The choices employees have are also pertinent to this discussion, especially when it involves issues like access to transportation and proximity, according to Cappelli. “If you’re a young kid working in the inner city or someplace and you don’t have transportation, and there’s a McDonald’s or another franchise chain near you and they offer you a job, even if you know that there’s a non-compete agreement or a non-poaching agreement, is it really going to matter to you?” he said. “You just don’t have choices. That’s part of the broader question about fairness and governance of these corporations.”

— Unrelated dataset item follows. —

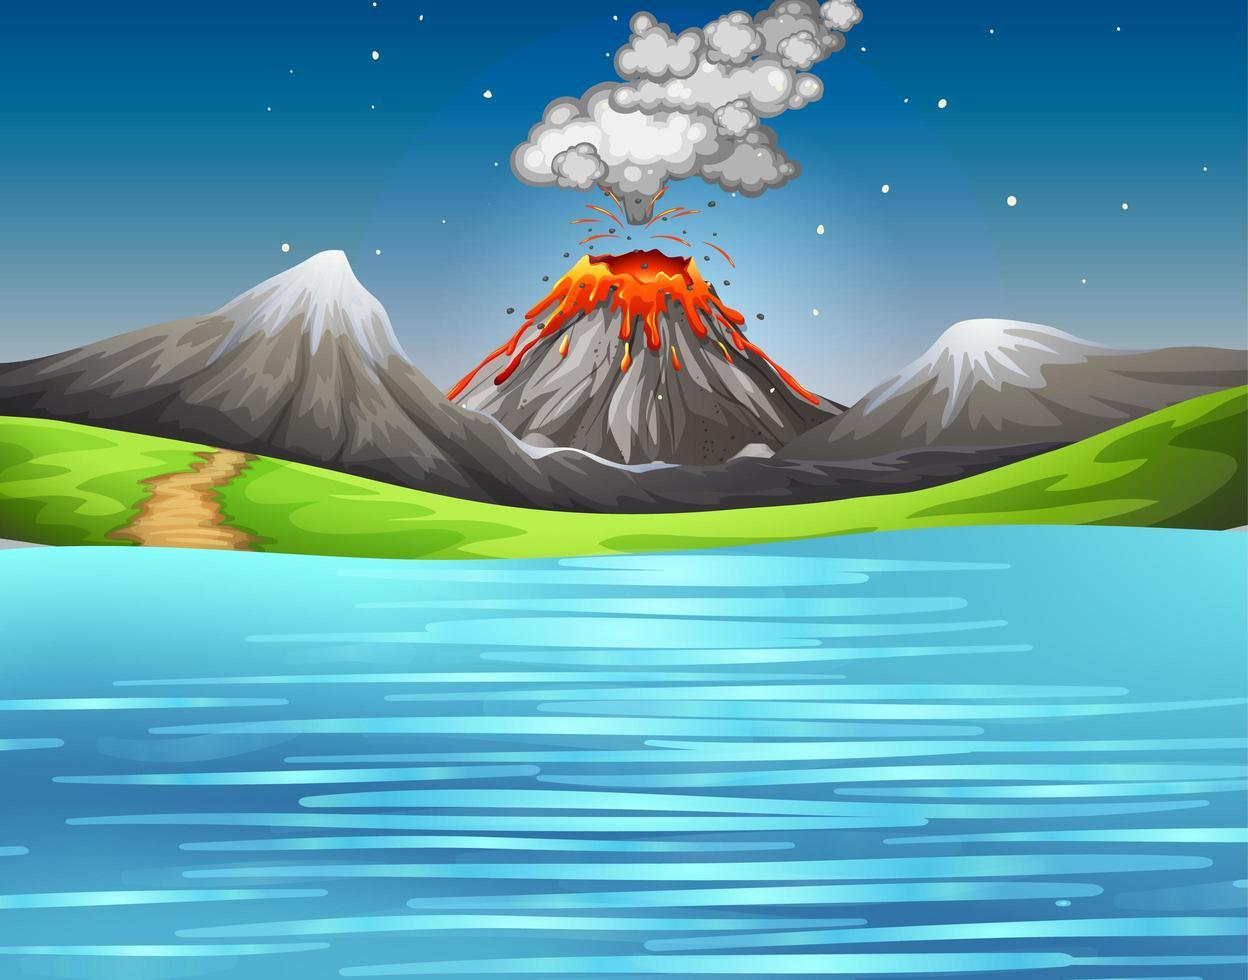 Vulkanausbruch in der Naturwaldszene vektor

Starr noted that a fast food restaurant worker might want to switch jobs because the new job offers a promotion or other factors. “Maybe it’s because it’s closer to home, maybe because they like the boss or their friends work there or it’s a better work environment. Not all of this is going to be reflected in wages per se. There could be what economists would call ‘compensating differentials’ – other amenities about the workplace that are going to give them satisfaction outside of the wage.”

Uneven Legal Terrain:

According to Starr, the enforcement is lax of non-compete agreements: His surveys show these agreements are still being used in states that have banned them, such as California. He noted that close to half the companies in California say they use non-compete agreements with all or some of their workers. “Even if you ban these types of provisions, I’m not sure that that’s going to actually reduce their use. It could be that it’s the way that you ban them – you need to have some more teeth on it.”

Cappelli explained why companies continue to resort to non-compete agreements when they might be on weak legal ground. “The reason companies use these even when they can’t be enforced is that the employees don’t know they can’t be enforced,” he said.

Added Starr: “Basically their beliefs are that it’s going to be enforced on average regardless of which state they live in. It is a default belief that it’s a contract; it’s got your name on it, and that appears to encourage them actually to turn down job offers they might have otherwise considered.”